Rufous Hummingbird in the Ramble

A hovering Rufous Hummingbird on Saltspring Island

Rufous Hummingbird

Starr Saphir and Lenore Swenson led today’s walk in the Central Park Ramble, which was the most productive of the fall season so far, with 57 species and 13 warblers. Conditions were excellent again: temperature in the low 60s and sunny skies.

At Bank Rock Bridge by the Upper Lobe, Starr found a young female Rufous Hummingbird that most of the group got to see. This is a new bird for entire year for the group (#148). It is extremely rare for Central Park, a bird not seen every year. Last year a Rufous Hummingbird famously showed up near the entrance to the American Museum of Natural History on December 14th and then continued to live there through mid-March of 2012.

The Eastern Whip-poor-will that was found on Saturday morning was, to everyone’s amazement, roosting on the very same spot above the Gill. All got to see this rare bird.

The group finally got to see the American Bittern that has been lurking in the Turtle Pond reeds and trees since the evening of September 9th. It was not re-found again until the 12th, but it has been seen every day since then — though not at all times of day.

Lenore found an immature female Hooded Warbler, a first-of-season bird for the group, near the Rustic Shelter.

The group also had some other more common first-of-season birds today: Golden-crowned Kinglet, Ruby-crowned Kinglet, Eastern Phoebe, and Blue-headed Vireo.

Starr had to leave the walk after about 90 minutes, but she did not stop looking for birds, and she ended up finding two great ones: Philadelphia Vireo and Gray-Cheeked Thrush, the latter being a new bird for the season. Since the walk was still in progress, these birds count!

Not fair, you say? Consistent methodology is part of what makes Starr’s 30+ years of records so valuable. I would also respond that no one works harder than Starr at helping everyone in the group see the good birds.

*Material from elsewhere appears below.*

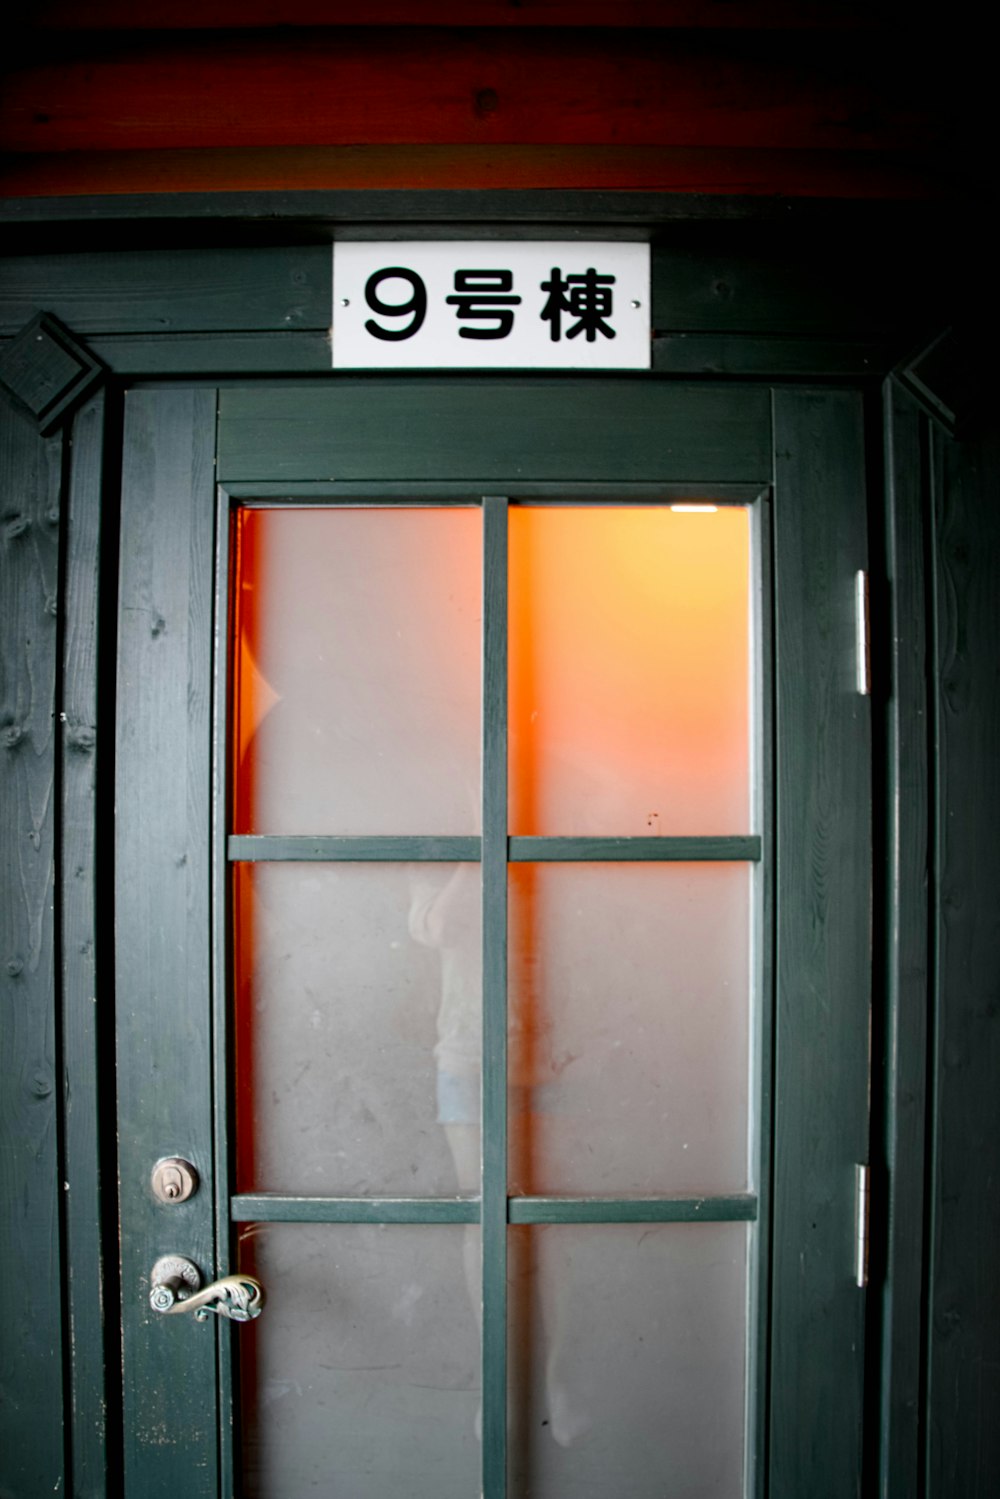 Porte vitrée en bois avec cadre orange et blanc

Still, sometimes she sees a bird that no one else sees — for whatever reason. When this happens, Starr has a ready response that she has been using for years if not decades. In this instance it goes: “I owe you all a Gray-cheeked Thrush.” But don’t come back the next day and insist that Starr cause a Gray-cheeked Thrush to appear for you. She has an airtight escape clause: “All my bird debts expire on midnight of the day they were incurred.”